Wednesday, July 13, 2011

The Real Cost of The Federal Reserve's Jihad against the Saver Class/Alcoa (AA)/Bought 50 CYS at 12.97/Added 50 of the Bond CEF PSY at 10.18

A recent article in Forbes identified Nashville as #3 on its list for the next biggest boom towns. Forbes I would put Nashville higher than # 3.  One reason has to do with its location.  With several interstate systems intersecting (I-24, I-65, and I-40), products can be delivered to a large part of the U.S. population within one day by truck. The city is also located on the Cumberland River, and has several lakes (Old Hickory, Percy Priest & Radnor). Water is plentiful. The airport is relatively new and large. Nashville may be one of the better managed large cities, and property taxes are low compared to other large cities. Tennessee has no income tax on earned income. The city is home to several universities, and is already has significant positions in several industries including healthcare (e.g. HCA) and music. Even the Democrats that control the city government are business friendly as noted by the Forbes columnist.

The treasury auctioned almost 32 billion in three year notes yesterday, priced to yield .67%.  treasurydirect.gov While politicians from the two tribes trade jabs on the borrowing limit, Uncle Sam is able to borrow whatever it wants at ridiculously low rates.

Gold spurted after the release of the Federal Reserve minutes for their June meeting. 24-hour Gold  Some Fed members raised the possibility of more easing, though others were concerned about inflation:

"Against this backdrop, members agreed that it was appropriate to maintain the Committee's current policy stance and accumulate further information regarding the outlook for growth and inflation before deciding on the next policy step. On the one hand, a few members noted that, depending on how economic conditions evolve, the Committee might have to consider providing additional monetary policy stimulus, especially if economic growth remained too slow to meaningfully reduce the unemployment rate in the medium run. On the other hand, a few members viewed the increase in inflation risks as suggesting that economic conditions might well evolve in a way that would warrant the Committee taking steps to begin removing policy accommodation sooner than currently anticipated." FRB: FOMC Minutes, June 21-22, 2011

It would not be surprising to see MTY suffer a maximum level reversion today. Stocks & Politics: MTY

As previously noted, the GOP is extremely reckless and irresponsible in tying anything to their approval of a debt limit increase. Their Senate leader, Mitch McConnell, made a statement yesterday, that indicated to me that the GOP was engaged in political brinkmanship on the debt limit issue for the purpose of defeating Obama in 2012. Then, the GOP could force through their tax decreases for the super wealthy and cut programs like Medicare and food stamps that benefit the poor and middle class. GOP Comes Out of the Closet on Medicare Undoing Medicare: The Real 'Death Tax The GOP Budget Plan and The Middle Class Ryan Budget Would Slash SNAP Funding by $127 Billion Over Ten Years — Center on Budget and Policy Priorities  David Stockman and the GOP/GOP Reaffirms Commitment to Ryan's Plan for Medicare, Medicaid and Food Stamps

This is the statement made by McConnell: “After years of discussions and months of negotiations, I have little question that as long as this president is in the Oval Office, a real solution is probably unattainable.”  McConnell made it crystal clear that his most important priority was not the credit standing of the United States, but defeating Obama in 2012. 

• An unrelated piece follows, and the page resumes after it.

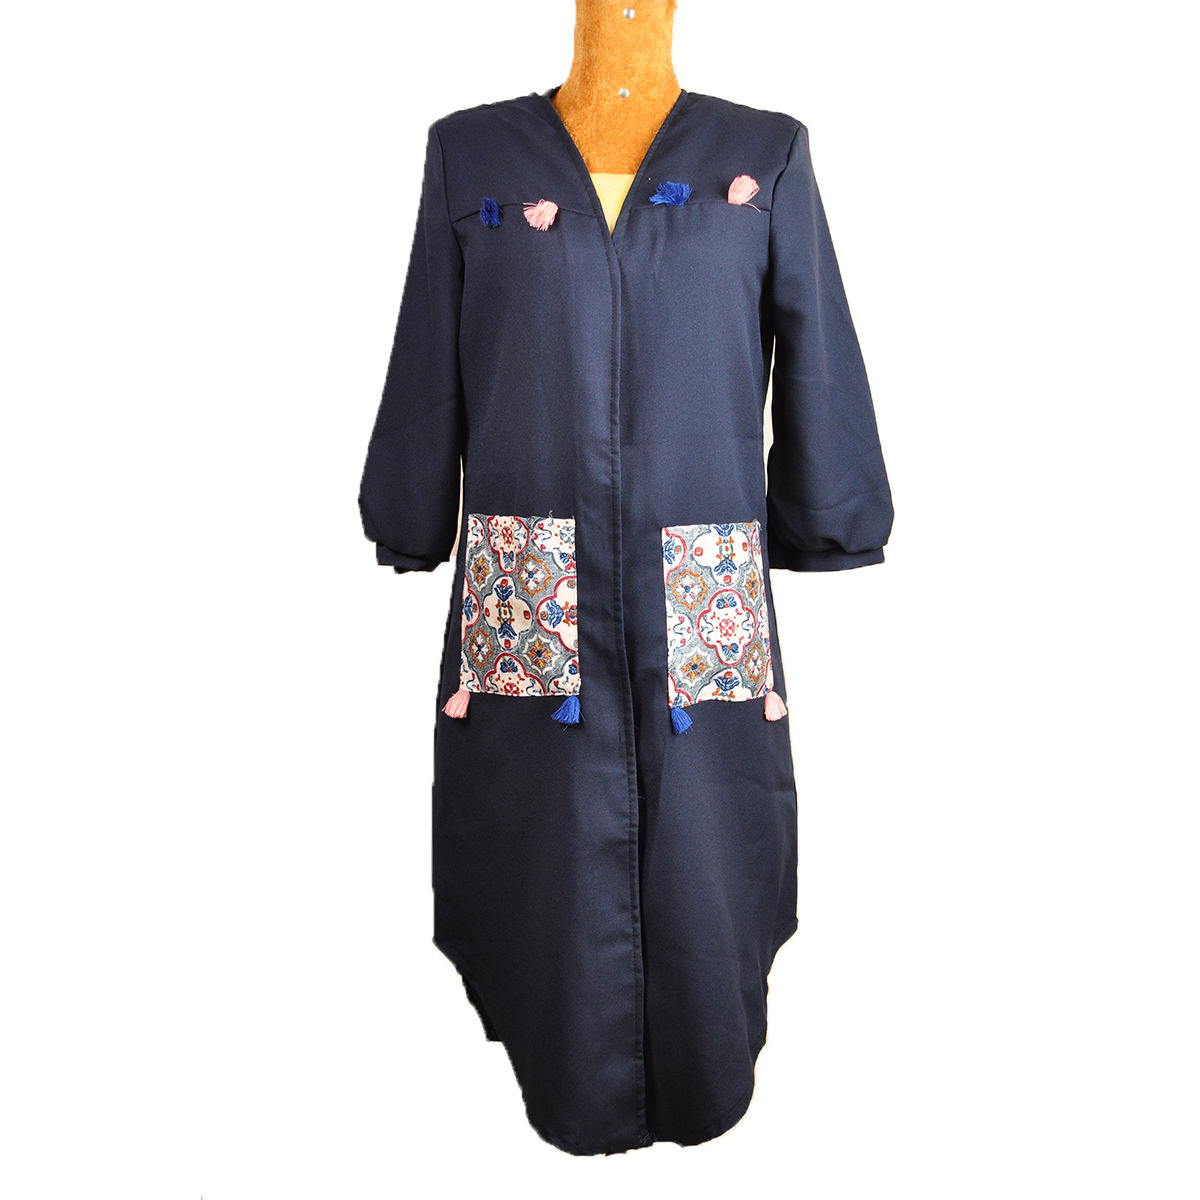 مانتو زنانه طرح سنتی کد 022

Senator Kyl was standing next to McConnell when that statement was made. It was Senator Kyl (R-AZ) who was ready to shut down the government earlier in the year, based on the Democrat's refusal to cut 363 million dollars in funding for family clinics. (see Steven Colbert's take on the false statement made by Kyl in support of his position).

I of course realize that I can do nothing to change what will happen. Nonetheless, it is important to assess what is happening and the potential consequences to plan my family's investments.  If the current GOP House members were in power during the summer of 2008, I would have owned nothing but gold and possibly U.S treasuries and Swiss Francs, and would have had a massive short position on stocks. 

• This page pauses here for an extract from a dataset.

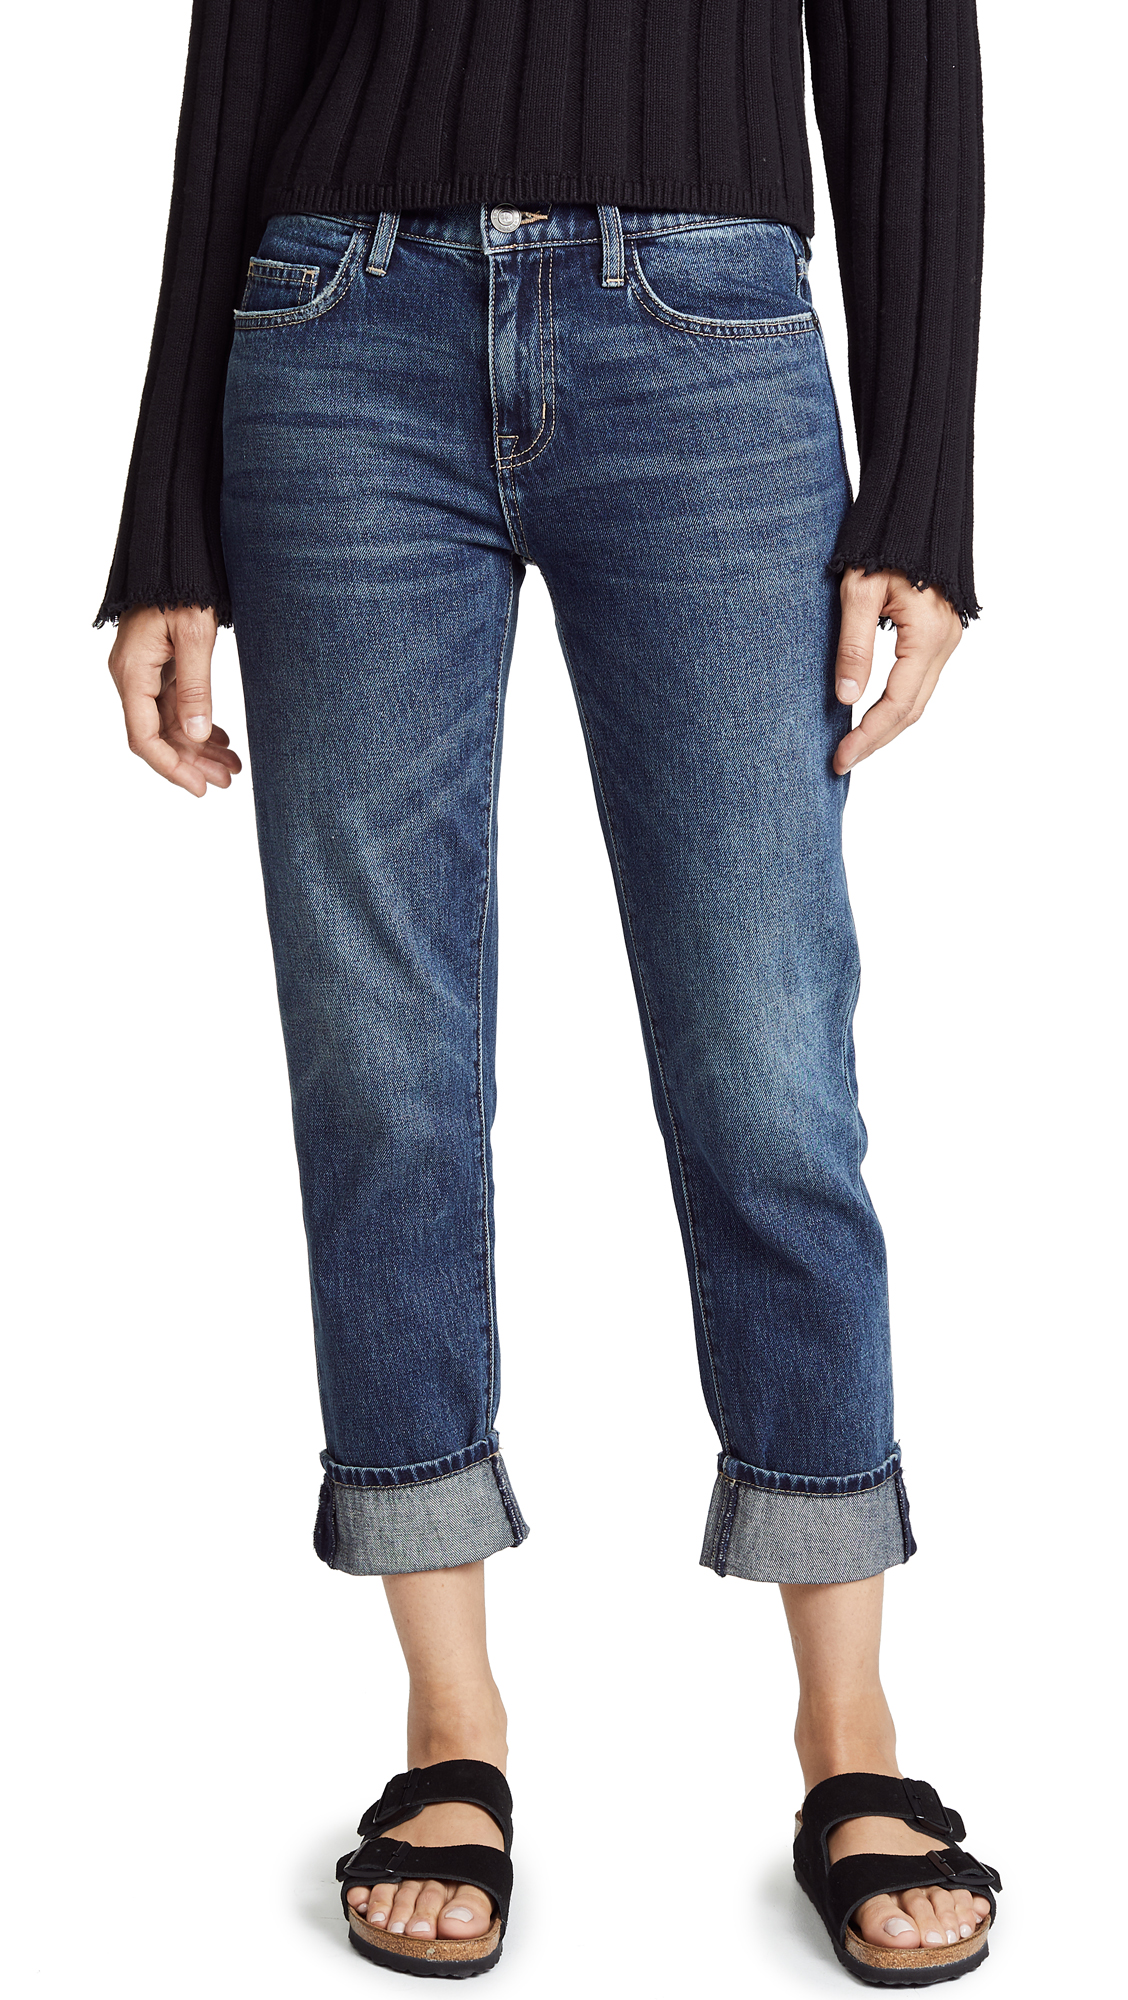 Current/Elliott The Fling Jeans - 1 Year Worn Rigid Indigo

1. The Real Cost of the FED's JIHAD Against Savers: In a recent report authored by Willaim Ford, a former President of the Atlanta Federal Reserve, and Polina Vlasenko, an attempt is made to conservatively measure the negative impact resulting from the  Federal Reserve's Jihad against savers. During 2010, Ford and Vlasenko estimate that the Fed's artificially low interest rate caused a 1.75% reduction in U.S. GDP due to a 256 billion reduction in spending. The savers have seen their incomes drop as a result of the prolonged Jihad conducted against them by the Federal Reserve, and have consequently reduced their spending. 

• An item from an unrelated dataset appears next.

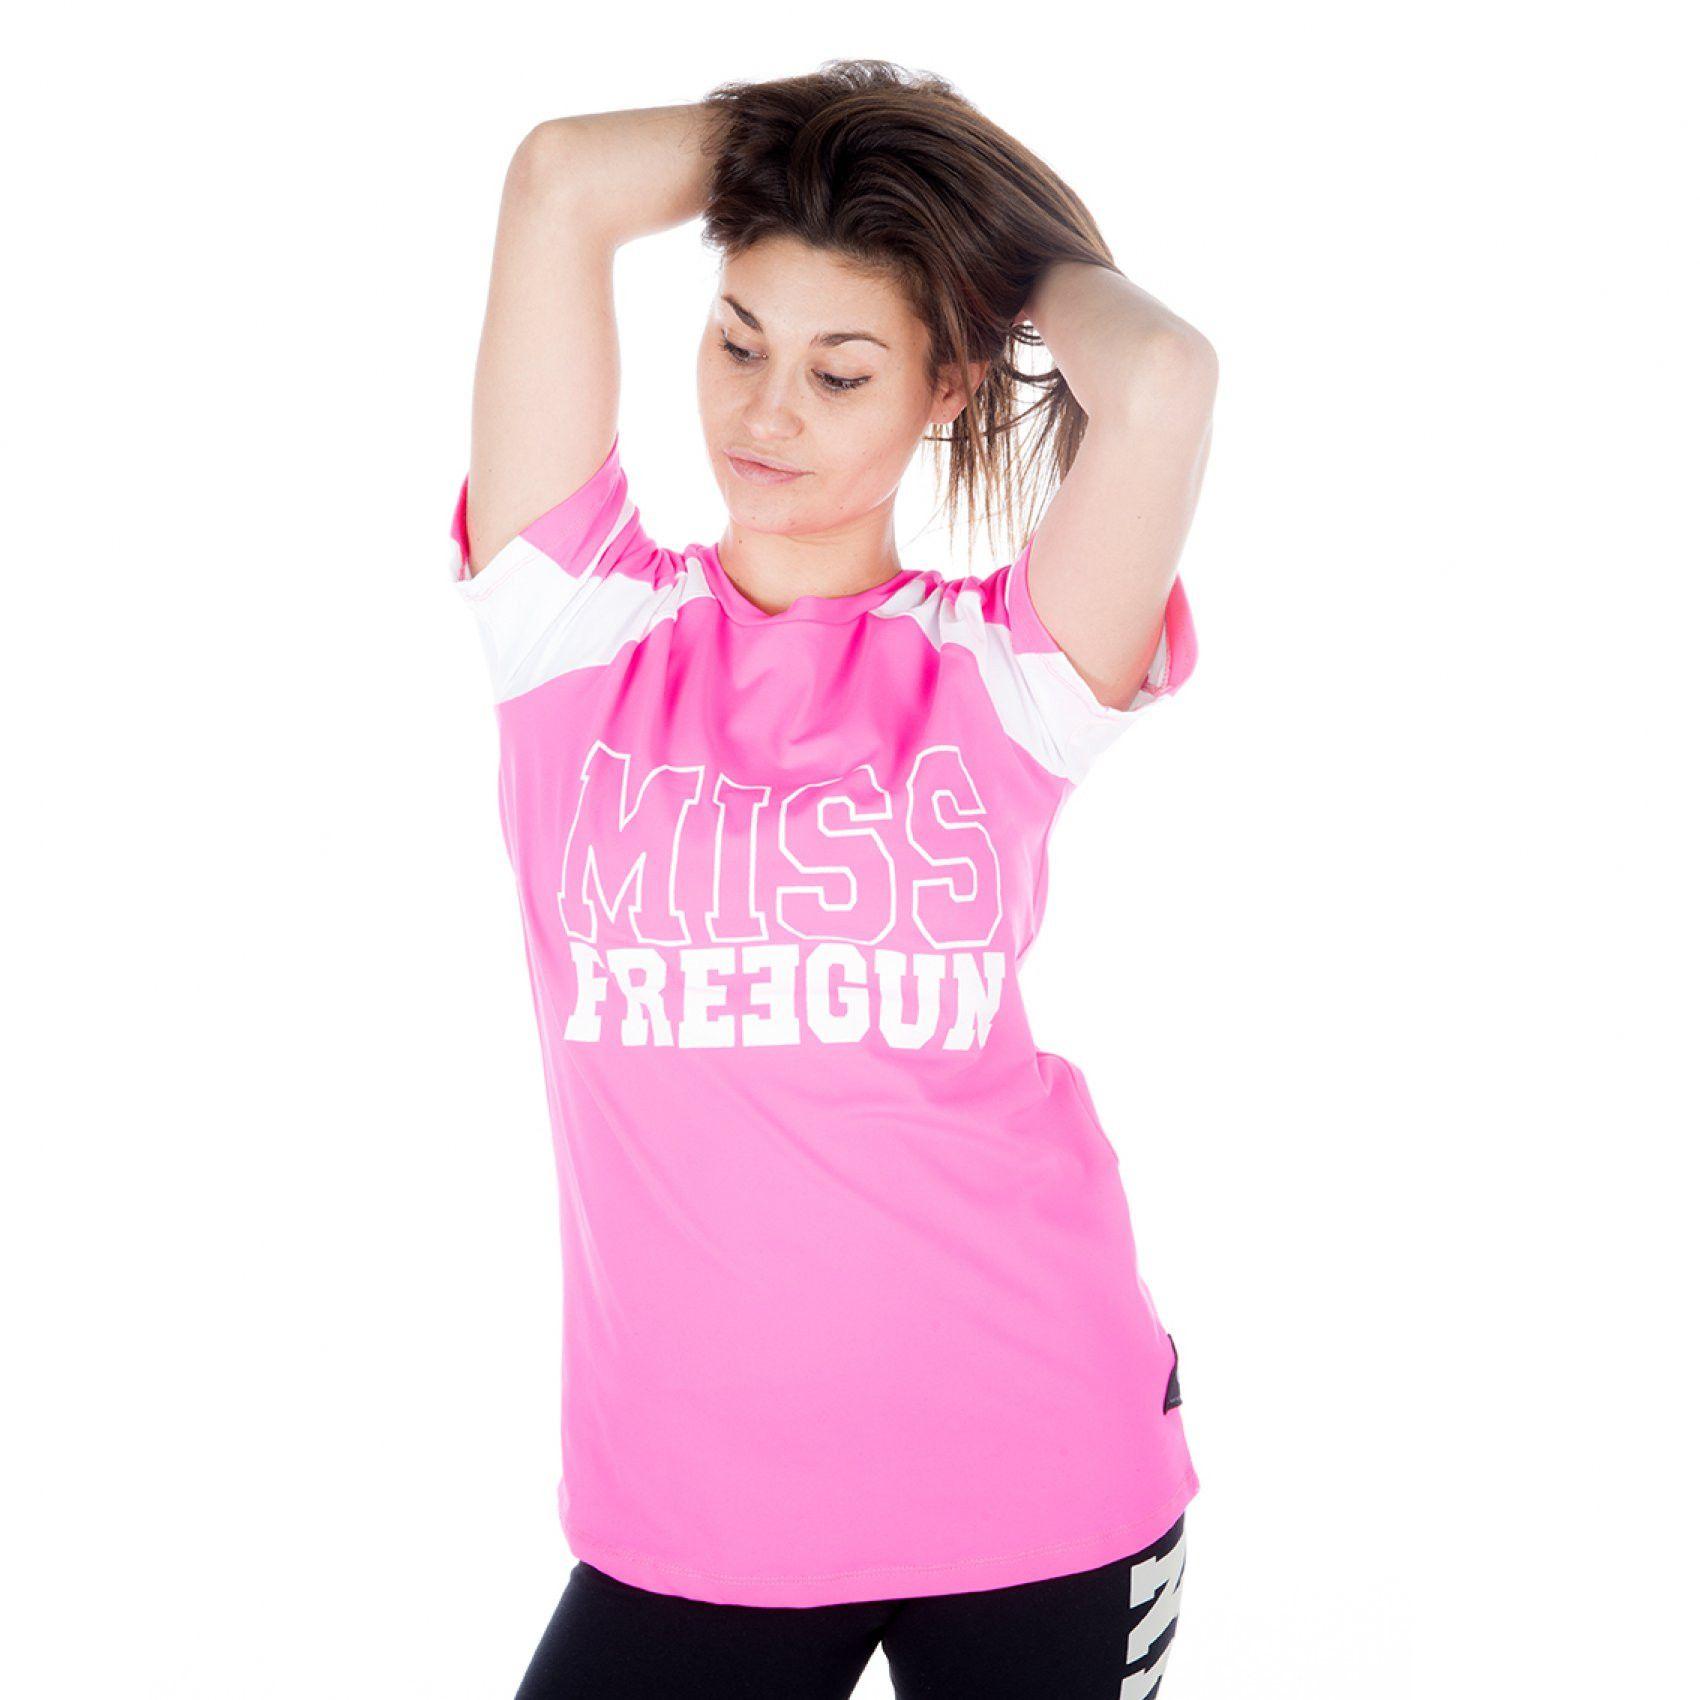 T-shirt freegun femme manches courtes

Interestingly, the authors estimate that the loss of consumption has resulted in 2.4 million fewer jobs.  While these numbers are at best estimates, I would certainly agree that the Fed's Jihad is doing more harm than good now, and has resulted in substantial reductions in discretionary spending by the saver class, including most retired people living trying to live on social security and their savings. Those folks are not earnings anything on their savings now, and that has forced many of them to consume their principal. This has not gone unnoticed by them. That process would naturally result in the curtailment of discretionary spending by the saver class, and has had a profound negative ripple effects for the U.S. economy. The FED is causing more harm by persisting in the abnormally low interest rate policy, particularly in light of the true cash inflation rate eating more into savings.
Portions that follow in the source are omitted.